Information shown
╭──

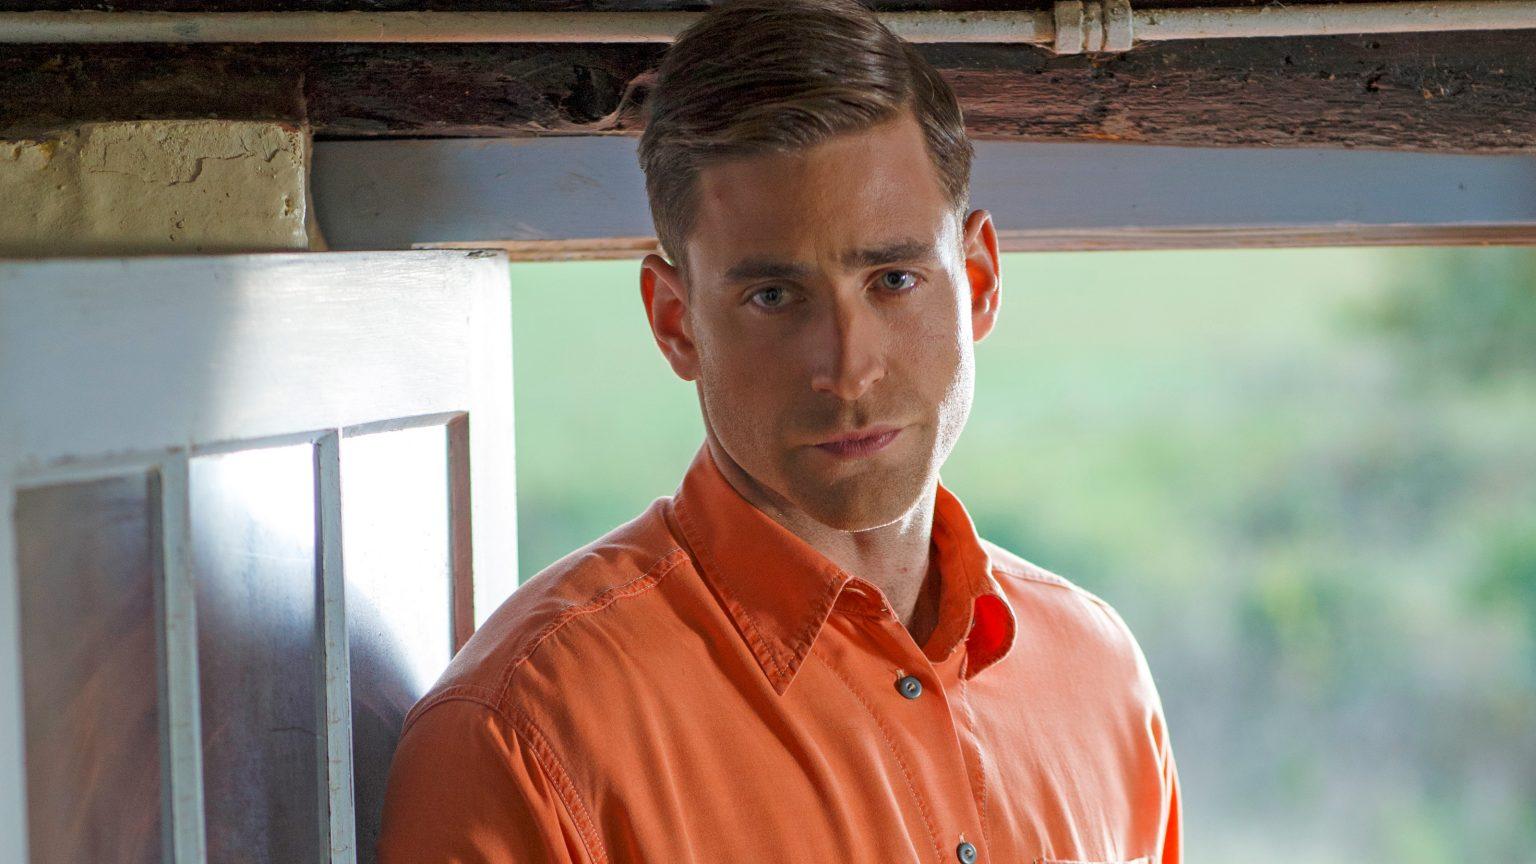 Man in an Orange Shirt - Season 1
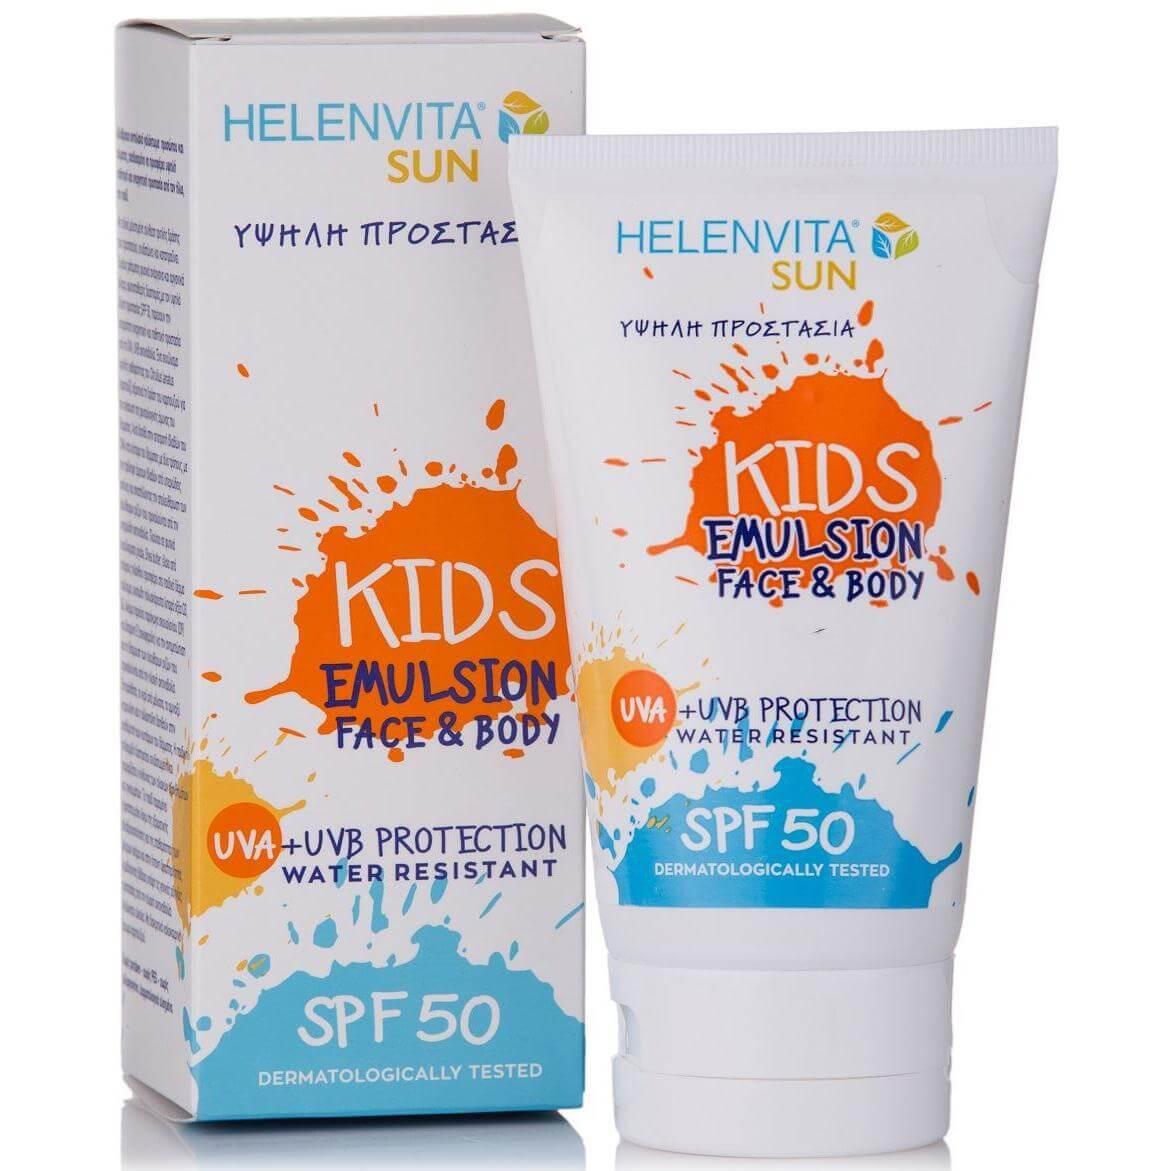 Helenvita Sun Kids Face & Body Emulsion Spf50 Παιδικό Αδιάβροχο Aντηλιακό Γαλάκτωμα Προσώπου-Σώματος Υψηλής Προστασίας 150ml
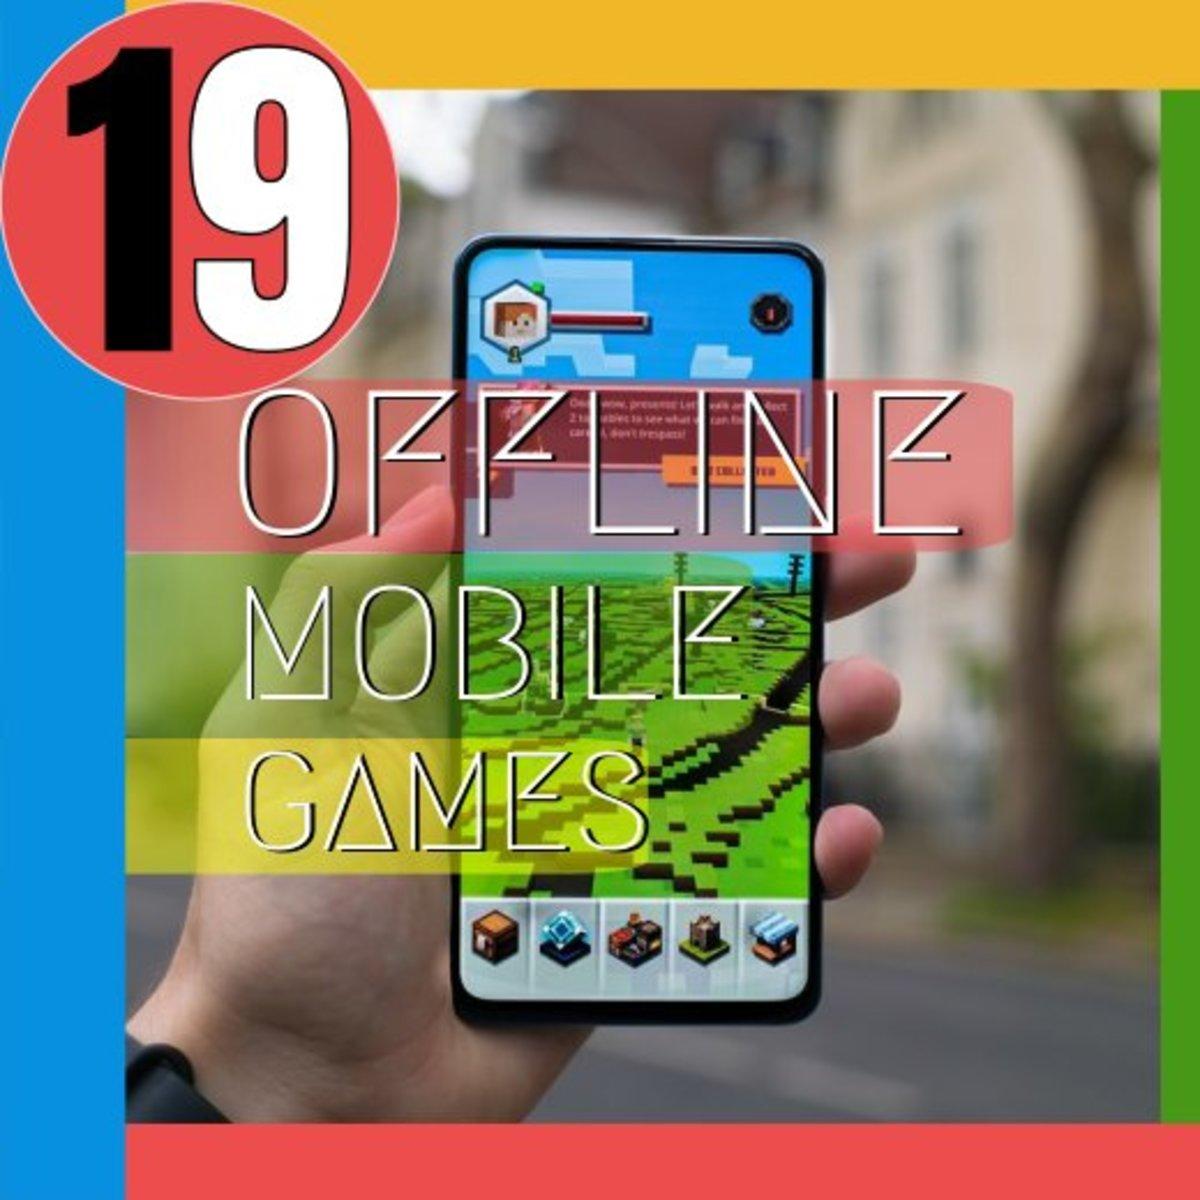 19 Best Offline Mobile Games for Bored People

╰──

What the exercise asks
The lines to be extracted begin at the line containing "Helenvita Sun Kids" and continue through the final line of the material above, both ends included. Reproduce them exactly, without the pictures.

Solution to this exercise
 Helenvita Sun Kids Face & Body Emulsion Spf50 Παιδικό Αδιάβροχο Aντηλιακό Γαλάκτωμα Προσώπου-Σώματος Υψηλής Προστασίας 150ml
 19 Best Offline Mobile Games for Bored People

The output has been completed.